During the Apollo missions, one astronaut stayed in orbit while the lunar lander carrying two astronauts descended to the moon.

"The CEV we plan to build will benefit not so much from a single, technical breakthrough but rather from evolutionary improvements in structural technologies, electronics, avionics, thermal-management systems, software and integrated system-health-management systems over the past 40 years," Nicholson said.

Like Apollo, the space capsule would parachute back to Earth, though on land, rather than into oceans like the Mercury, Gemini and Apollo capsules. In its conceptual video on the program, NASA depicts a landing at Edwards Air Force Base.

How the capsule would make that soft landing is yet to be determined. It could be with the use of airbags or with rockets. The Soviet Union, and now Russia, parachutes its capsules on land.

Initial work for the competition is being conducted in El Segundo. It is too early to state where work would be done if the team is successful in winning the contract, said Northrop Grumman spokesman Brooks McKinney.

Both Northrop Grumman and Boeing have operations at Air Force Plant 42 in Palmdale.

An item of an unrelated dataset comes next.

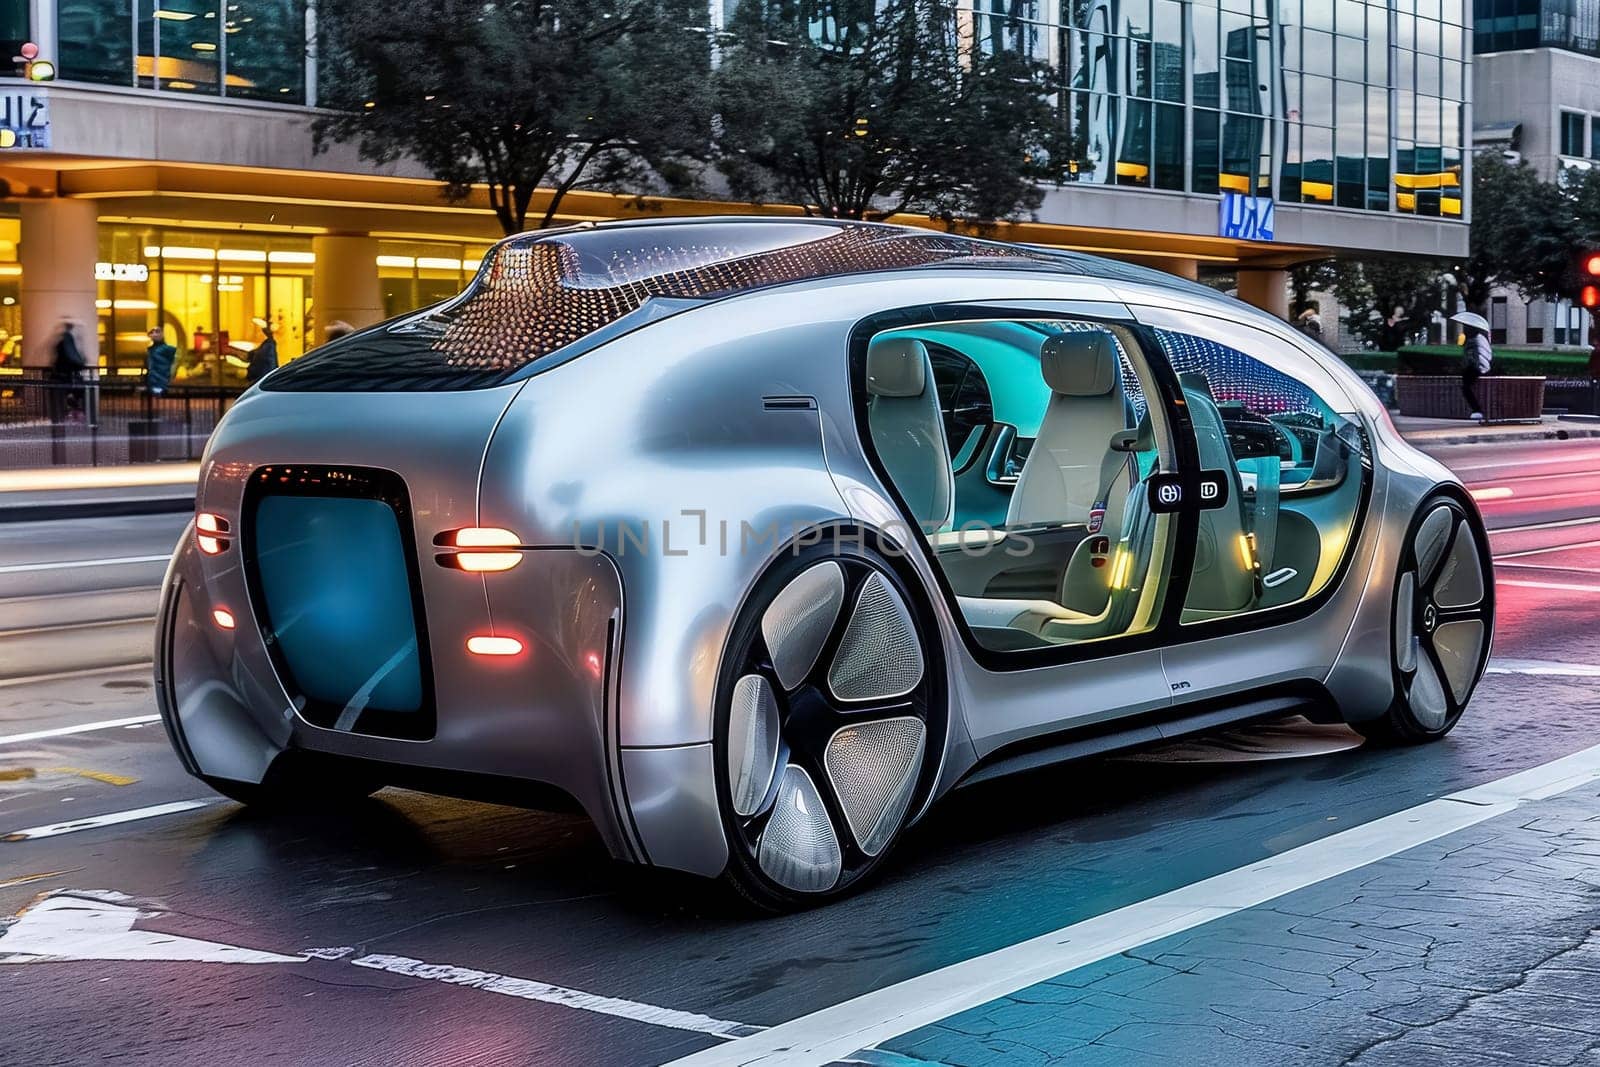 A futuristic autonomous car navigates through the bustling city streets at twilight, showcasing cutting-edge technology in urban transportation. The car's sleek design and illuminated panels highlight the blend of innovation and style

At the urging of George and Sharon Runner, the Antelope Valley's husband-and-wife state legislators, Gov. Arnold Schwarzenegger has ordered the creation of a high-level team to look for ways to lure work on the program to California.

The Runners envision the team working to clear away bureaucratic hurdles, actively promote California's advantages to aerospace companies, and evaluate whether specific policy changes are necessary. The Runners believe that Air Force Plant 42, where the nation's space shuttle fleet was built, could handle work on the crew exploration vehicle.